In its petition for certiorari, Rimini Street points out that Congress can choose to expand the universe of recoverable costs, but the Supreme Court has cautioned that courts should not presume Congress has done so without explicit statutory authorization. Rimini Street asserts that the Ninth Circuit’s holding is in conflict with decisions in the Eighth and Eleventh Circuits, Pinkham v. Camex, Inc., 84 F.3d 292 (8th Cir. 1996) and Artisan Contractors Ass’n of Am., Inc. v. Frontier Ins. Co., 275 F.3d 1038 (11th Cir. 2001), in which those courts held that non-taxable costs were not recoverable under the Copyright Act.
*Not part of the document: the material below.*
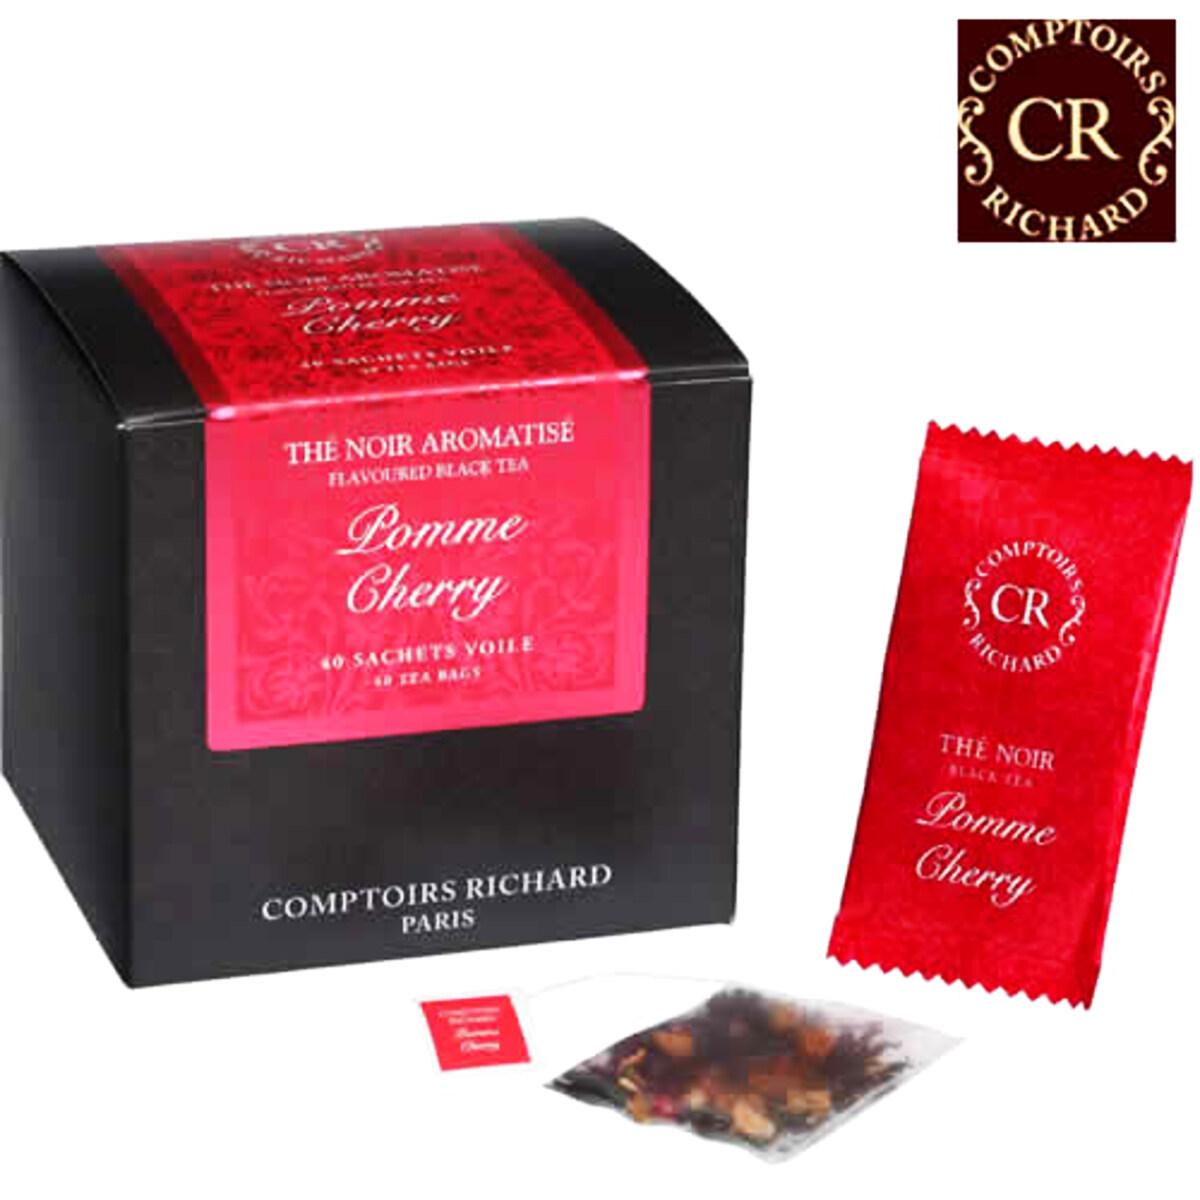 Comptoirs Richard Pomme Cherry - 40 τεμάχια φακελάκια μαύρο τσάι φρούτων μήλο και κεράσι

In Pinkham, the Eighth Circuit held that the words "full costs" in Section 505 did not clearly, explicitly, or plainly evidence the intention of Congress to treat Section 505 differently from other statutes on the scope of recoverable costs. In Artisan Contractors, the Eleventh Circuit held that Section 505 made no clear reference to witness fees and did not otherwise show a clear congressional intent to supersede the limitations imposed by Congress’s comprehensive fee-shifting regime. In addition, according to Rimini Street, the Ninth Circuit’s rule contradicted precedent of the Supreme Court indicating that Sections 1920 and 1821 "define the full extent of a federal court’s power to shift litigation costs absent express statutory authority to go further," e.g.West Virginia University Hospitals, Inc. v. Casey, 499 U.S. 83 (1991), although the Ninth Circuit had rejected this argument because the High Court decisions cited by Rimini Street did not concern the Copyright Act.

Rimini Street presents the following question for review:

Whether the Copyright Act’s allowance of "full costs" (17 U.S.C. § 505) to a prevailing party is limited to taxable costs under 28 U.S.C. §§ 1920 and 1821, as the Eighth and Eleventh Circuits have held, or also authorizes non-taxable costs, as the Ninth Circuit holds.

The petition in Rimini Street, Inc. v. Oracle USA, Inc., Dkt. No. 17-1625, was filed on May 31, 2018. The petition was granted September 27, 2018. Justice Alito took no part in the consideration or decision of the petition.

Attorneys: Mark Andrew Perry (Gibson Dunn & Crutcher, LLP) for Rimini Street, Inc. Paul D. Clement (Kirkland & Ellis LLP) for Oracle USA, Inc., Oracle International Corp., and Oracle America, Inc.

Companies: Rimini Street, Inc.; Oracle USA, Inc.; Oracle International Corp.; Oracle America, Inc.